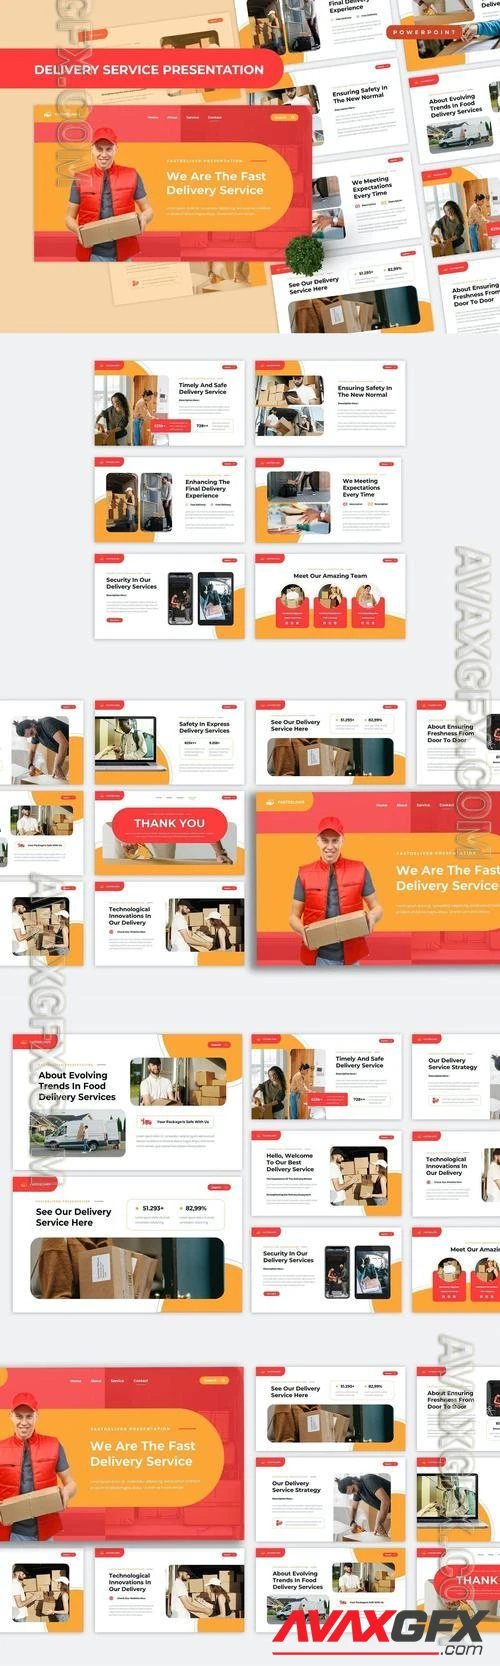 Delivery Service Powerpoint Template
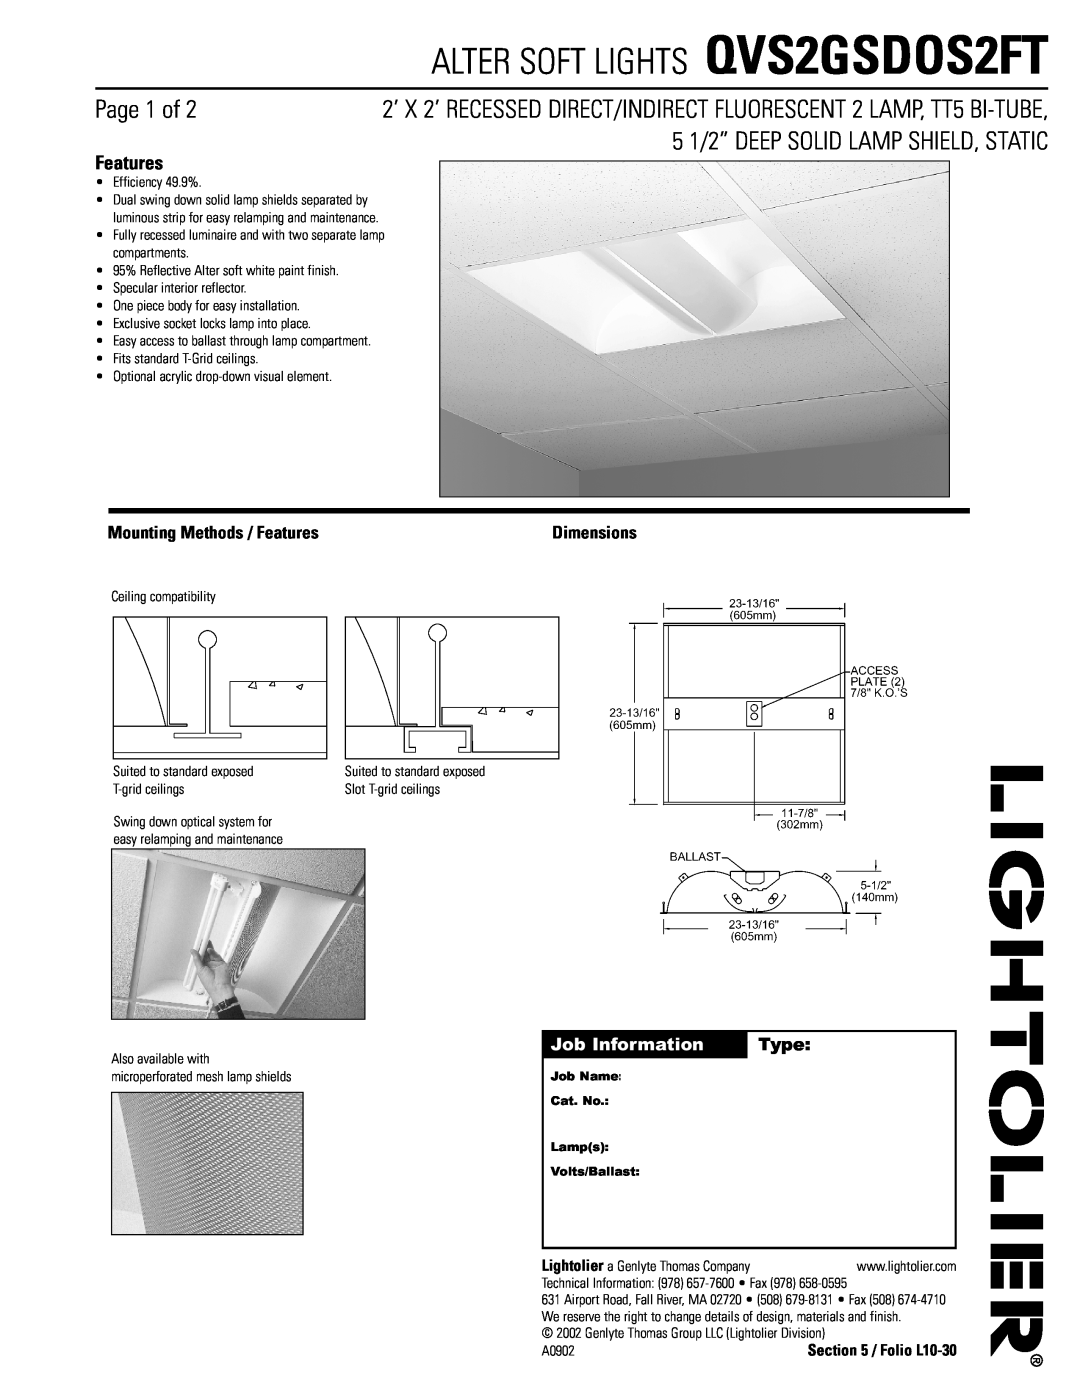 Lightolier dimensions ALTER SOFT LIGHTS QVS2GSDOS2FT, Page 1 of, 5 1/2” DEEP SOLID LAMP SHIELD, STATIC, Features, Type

==

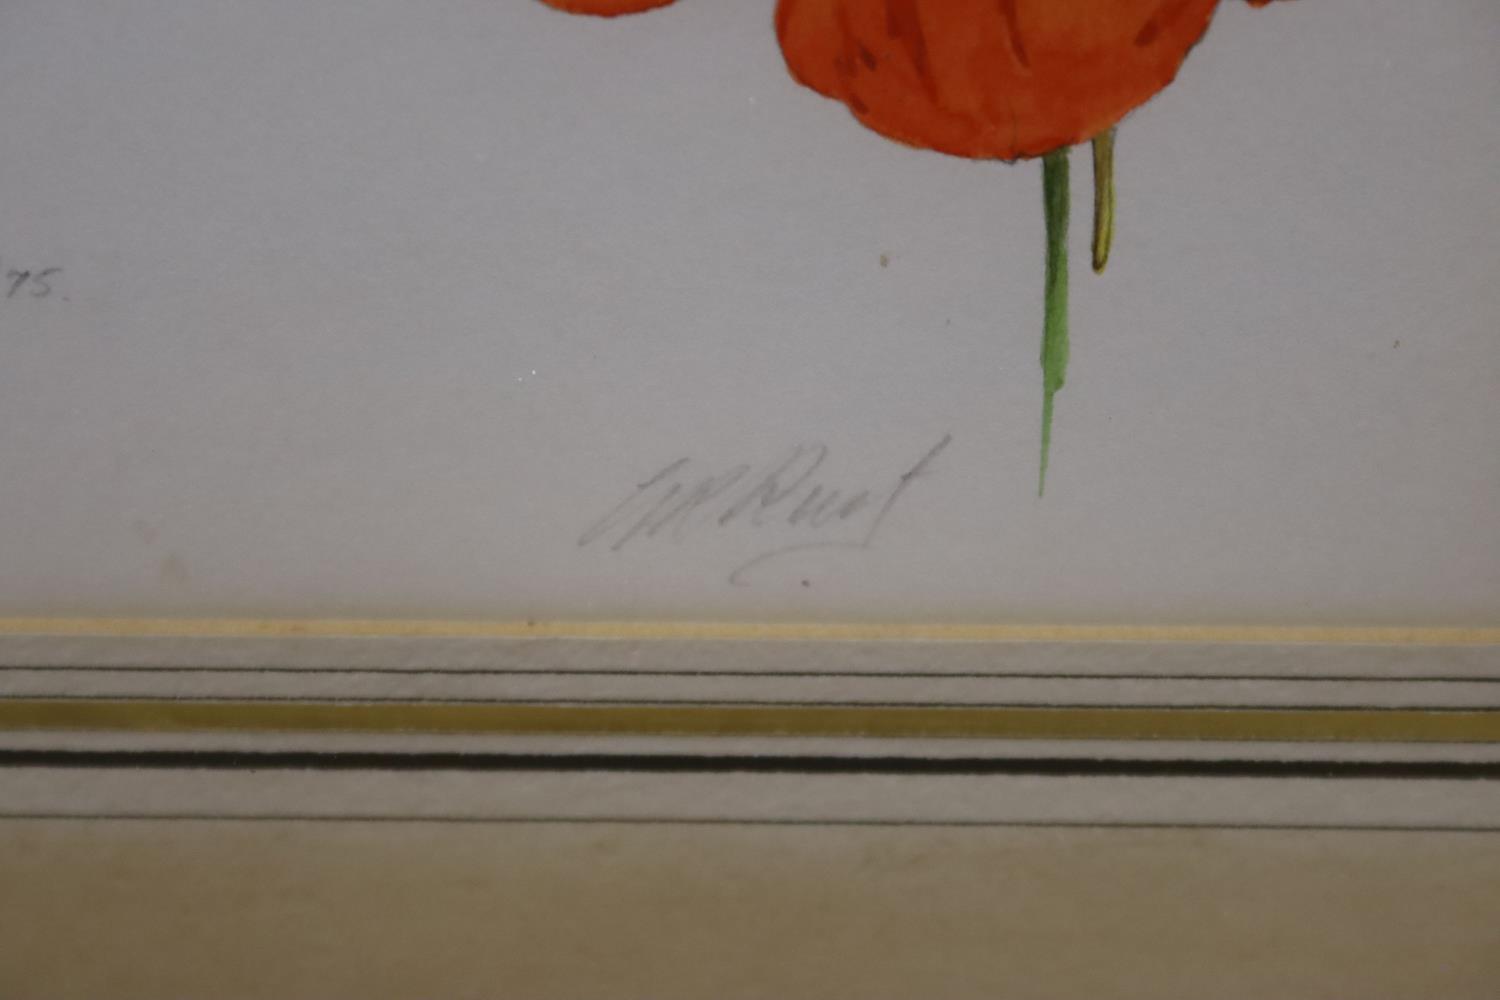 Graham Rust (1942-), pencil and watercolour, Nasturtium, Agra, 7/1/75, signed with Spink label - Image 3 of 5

Assignment: In the listing above, find the line holding "Delivery Service Powerpoint Template" and the line holding "Lightolier dimensions ALTER". Reproduce those two lines and all between them exactly, leaving out pictures.

Response area:
 Delivery Service Powerpoint Template
 Lightolier dimensions ALTER SOFT LIGHTS QVS2GSDOS2FT, Page 1 of, 5 1/2” DEEP SOLID LAMP SHIELD, STATIC, Features, Type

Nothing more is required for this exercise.